What the OTC Category Was Designed For

The FDA's OTC hearing aid rule specifically targets adults 18 years and older with perceived mild to moderate hearing loss. The regulatory framework explicitly excludes children, adults with severe or profound hearing loss, and anyone with certain medical conditions — sudden hearing loss, asymmetric hearing loss, active ear pain, drainage, or tinnitus of recent onset.

The key phrase is "perceived mild to moderate hearing loss." The regulation is based on the consumer's self-assessment of their hearing, not on an audiometric evaluation. Multiple studies have shown that adults systematically underestimate the degree of their hearing loss, particularly in the early and moderate stages when the gradual nature of the decline makes the change difficult to perceive introspectively.

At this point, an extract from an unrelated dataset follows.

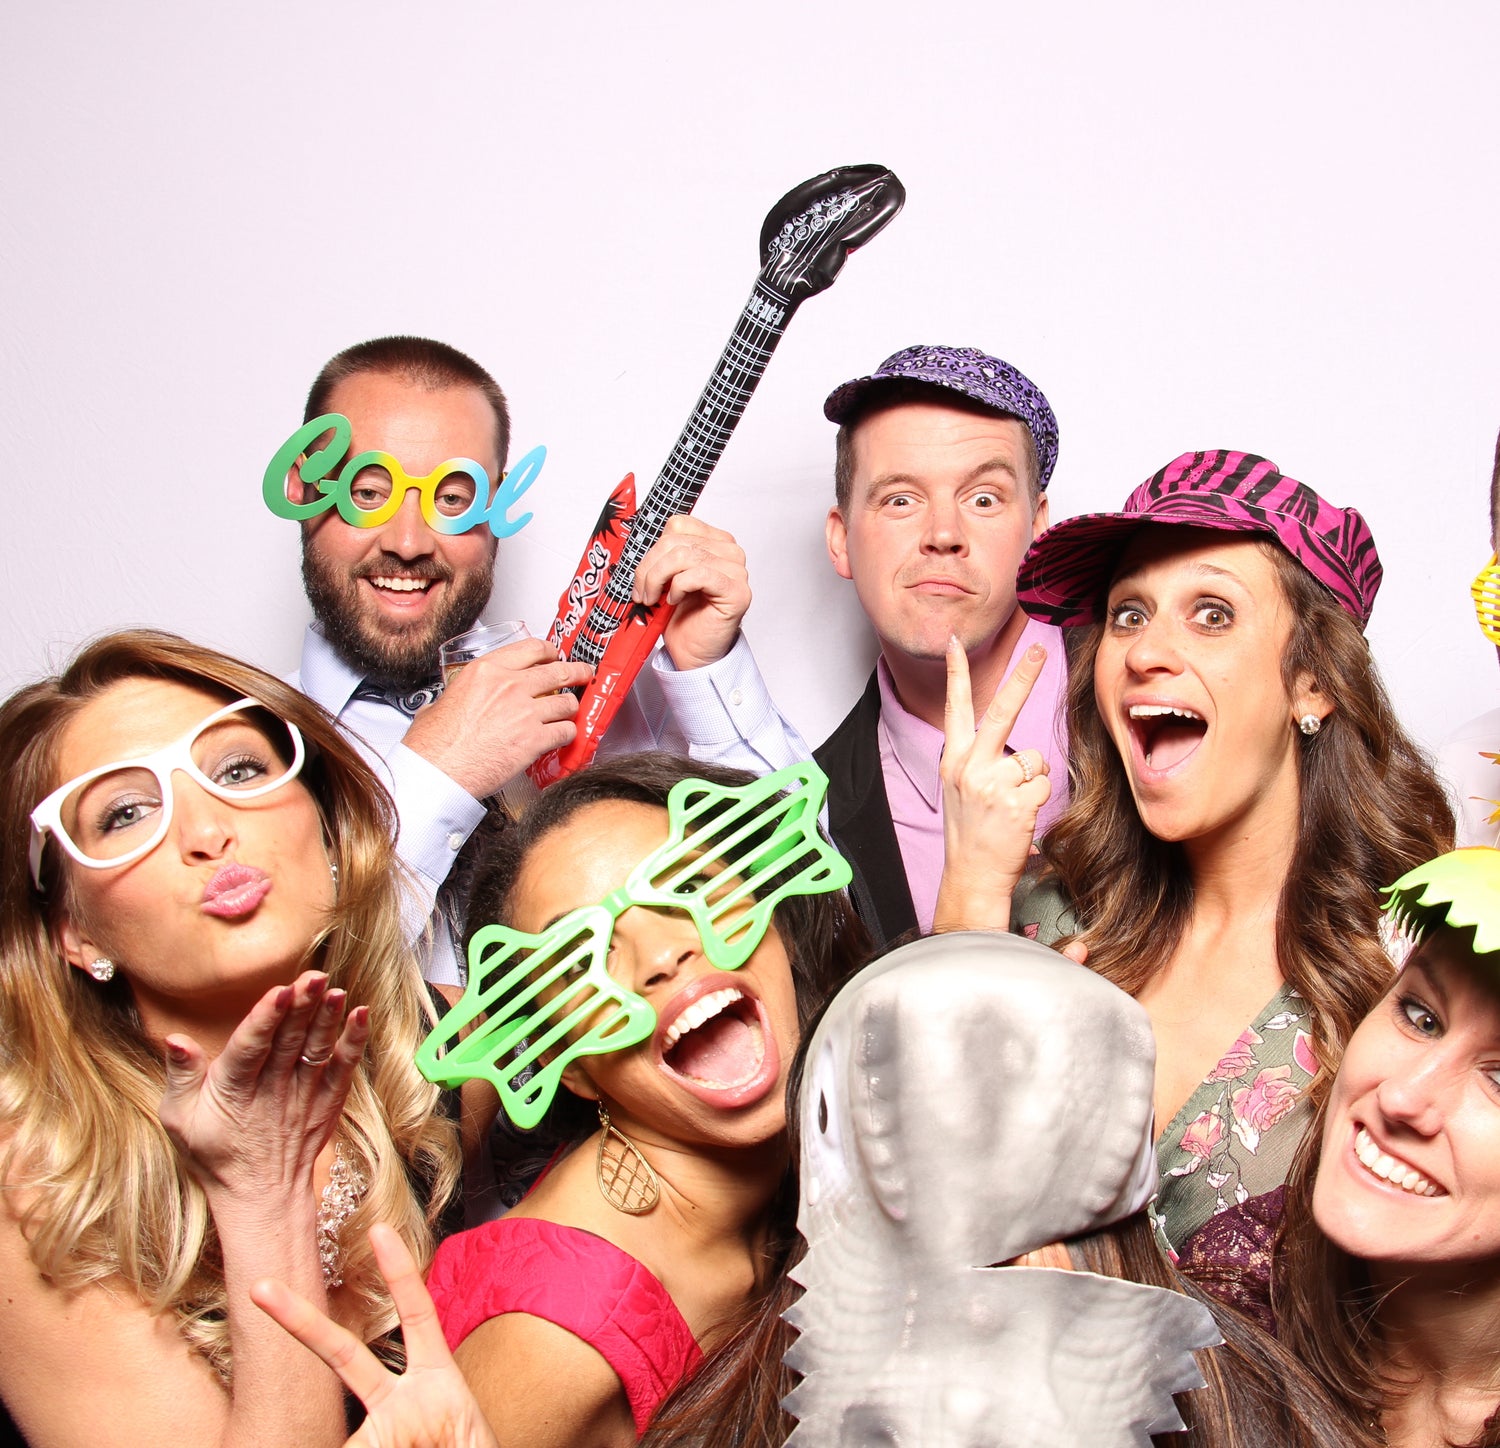 Friends getting crazy in a wedding photo booth in Boston

The Clinical Case for Professional Evaluation First

The audiological evaluation that precedes a prescription hearing aid fitting is not a formality — it is a diagnostic process with real clinical implications. Approximately 5 to 10 percent of adults who present for audiological evaluation have medically significant pathology identified during the assessment: asymmetric sensorineural hearing loss that warrants imaging to rule out vestibular schwannoma, unilateral conductive loss suggesting otosclerosis, sudden sensorineural hearing loss requiring urgent medical management, or aural fullness with low-frequency threshold change consistent with endolymphatic hydrops.

Beyond the identification of medical pathology, the audiometric evaluation establishes the specific configuration and degree of loss that determines what amplification prescription is appropriate. An OTC hearing aid, by definition, cannot be programmed to an individual audiogram — it relies on generic amplification curves or simplified self-fitting adjustments.

What OTC Products Can and Cannot Do

OTC hearing aids vary considerably in their technology, quality, and sophistication. Some, such as products from Sony and Jabra, represent genuine hearing health technology developed by established manufacturers and offer reasonable performance for mild, high-frequency loss in quiet conditions. Others are amplifiers with limited sound processing and poor noise management.

A pair of OTC hearing aids typically costs between $200 and $1,600 — substantially less than prescription hearing aids, which range from approximately $1,500 to $7,000 per pair at current market rates. For a person with documented mild hearing loss who has already undergone audiological evaluation, an OTC product may be a reasonable choice.

Real-Ear Measurement and Why It Matters

One of the most significant clinical differences between prescription and OTC hearing aid fittings is real-ear measurement verification. In a professional fitting, the audiologist places a thin probe microphone in the ear canal to confirm that the device is delivering the prescribed acoustic gain at each frequency. Without measurement, the fitting is based on the manufacturer's generic prediction, which research shows matches the real-ear target only about a third of the time.

The audiological profession's position is not that OTC hearing aids have no value — it is that they are not a substitute for evaluation, and that the decision about which path is appropriate should be an informed one. The evaluation is the investment; the device is the implementation.

References

  • FDA. (2022). Over-the-Counter Hearing Aids: Regulations for Affordability and Accessibility. FDA Final Rule.
  • Nieman, C.L., & Lin, F.R. (2023). "Expanding access to hearing health care for adults with hearing loss." JAMA Otolaryngology. 149(2):89–90.